● **Your goal**: Here is a listing. Write it all out again exactly, but not its pictures.

● **Data segment**:

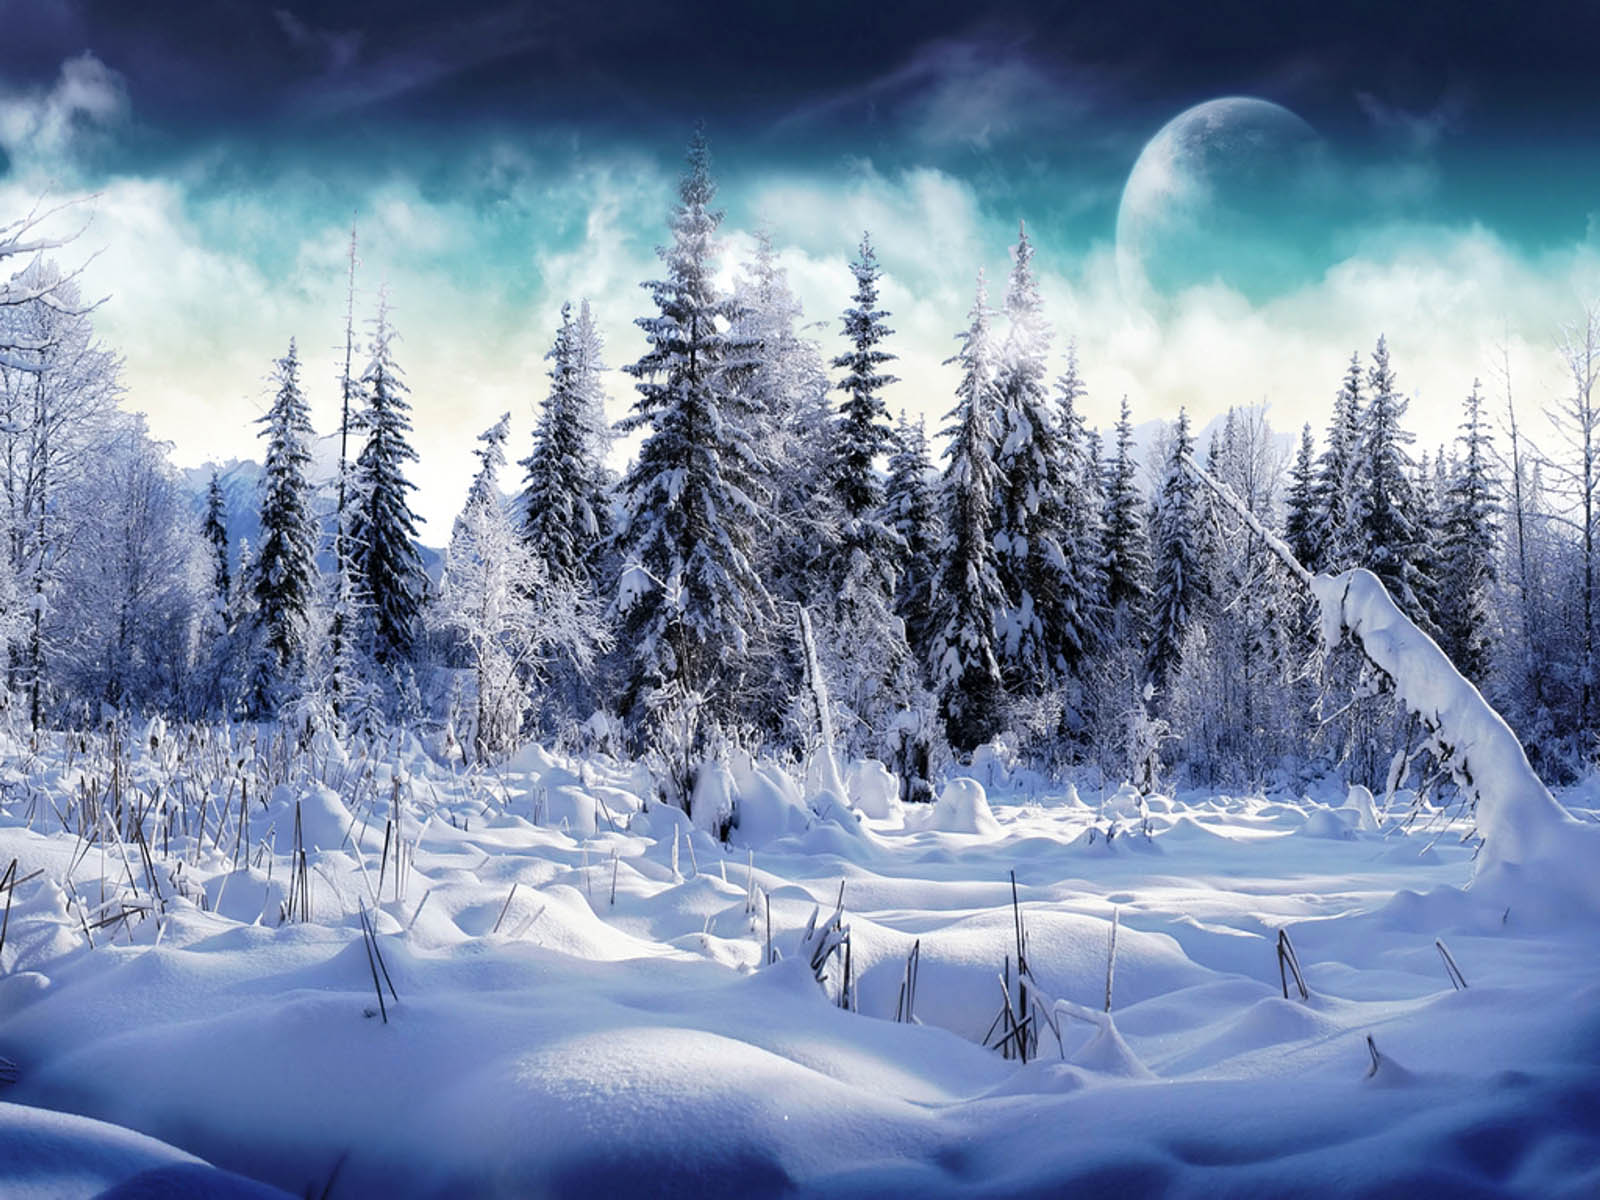 Wallpaper winter forest snow trees the snow images for desktop section  пейзажи  download
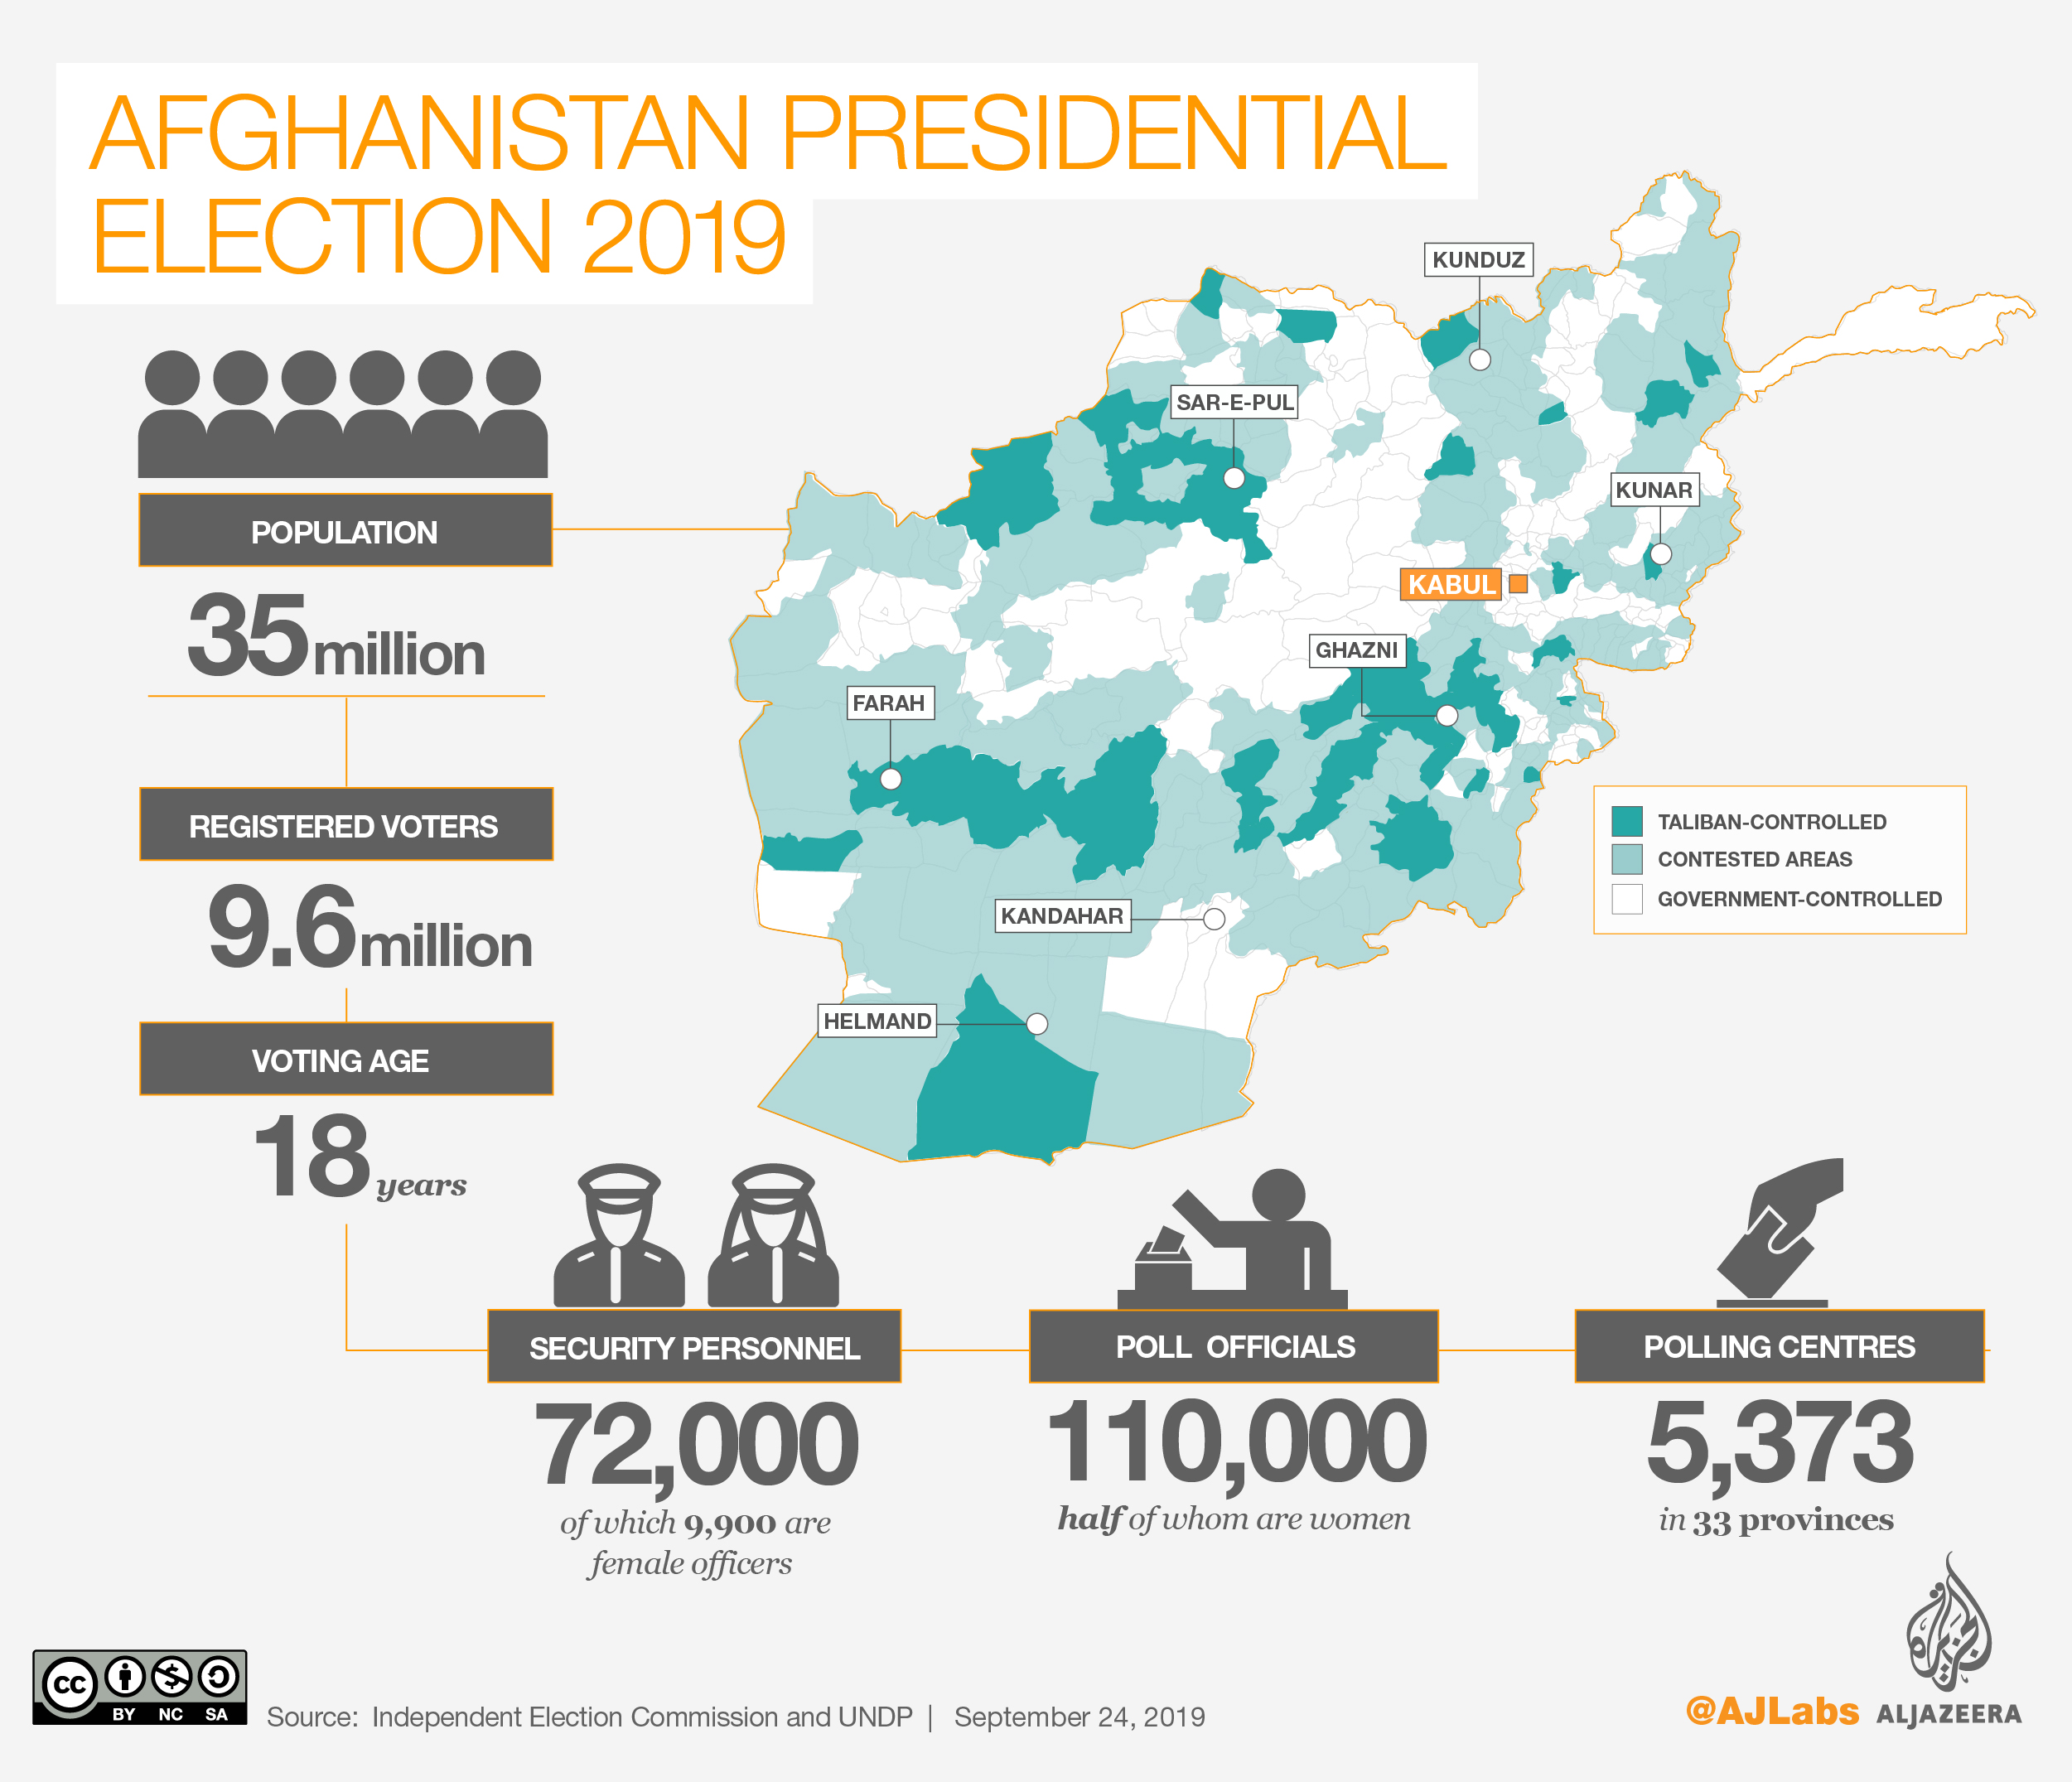 INTERACTIVE: AFGHANISTAN ELECTION 2018 
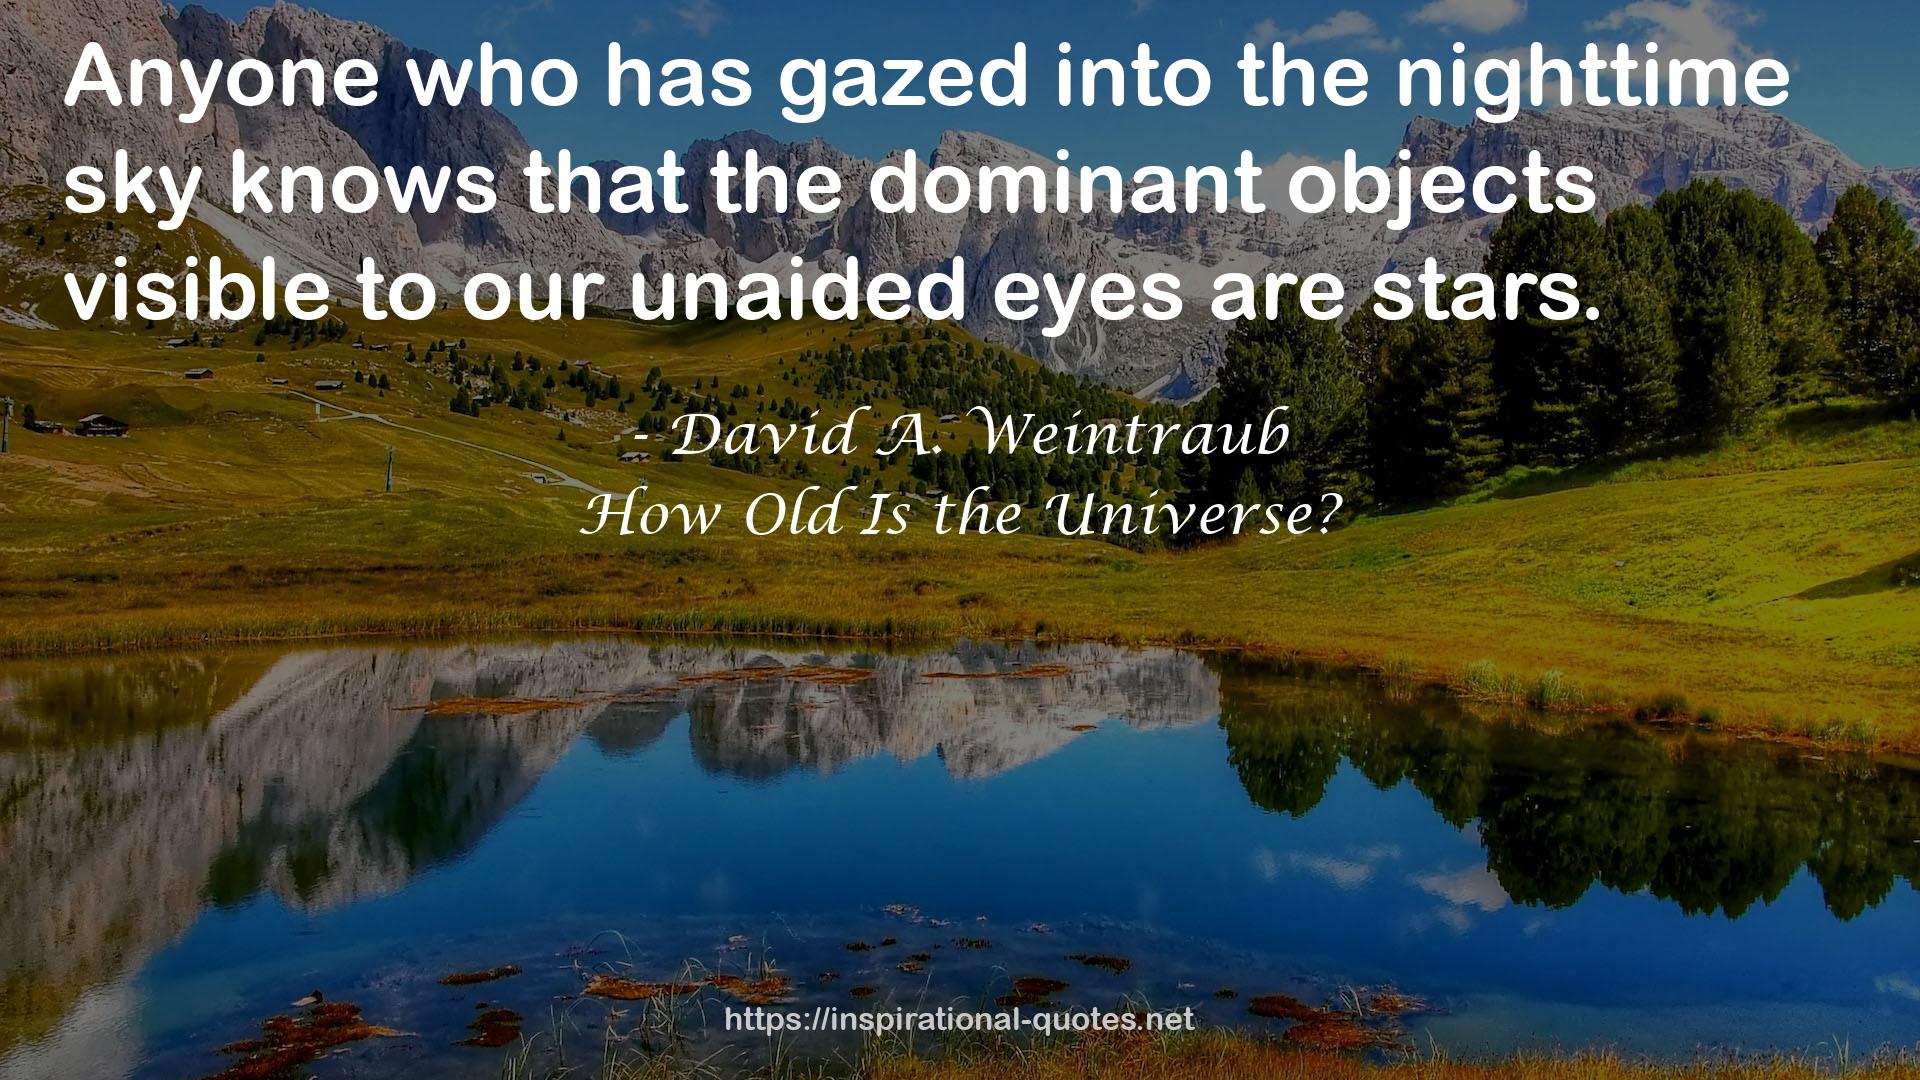 How Old Is the Universe? QUOTES

● **Solution to this exercise**:
 Wallpaper winter forest snow trees the snow images for desktop section  пейзажи  download
 INTERACTIVE: AFGHANISTAN ELECTION 2018 
 How Old Is the Universe? QUOTES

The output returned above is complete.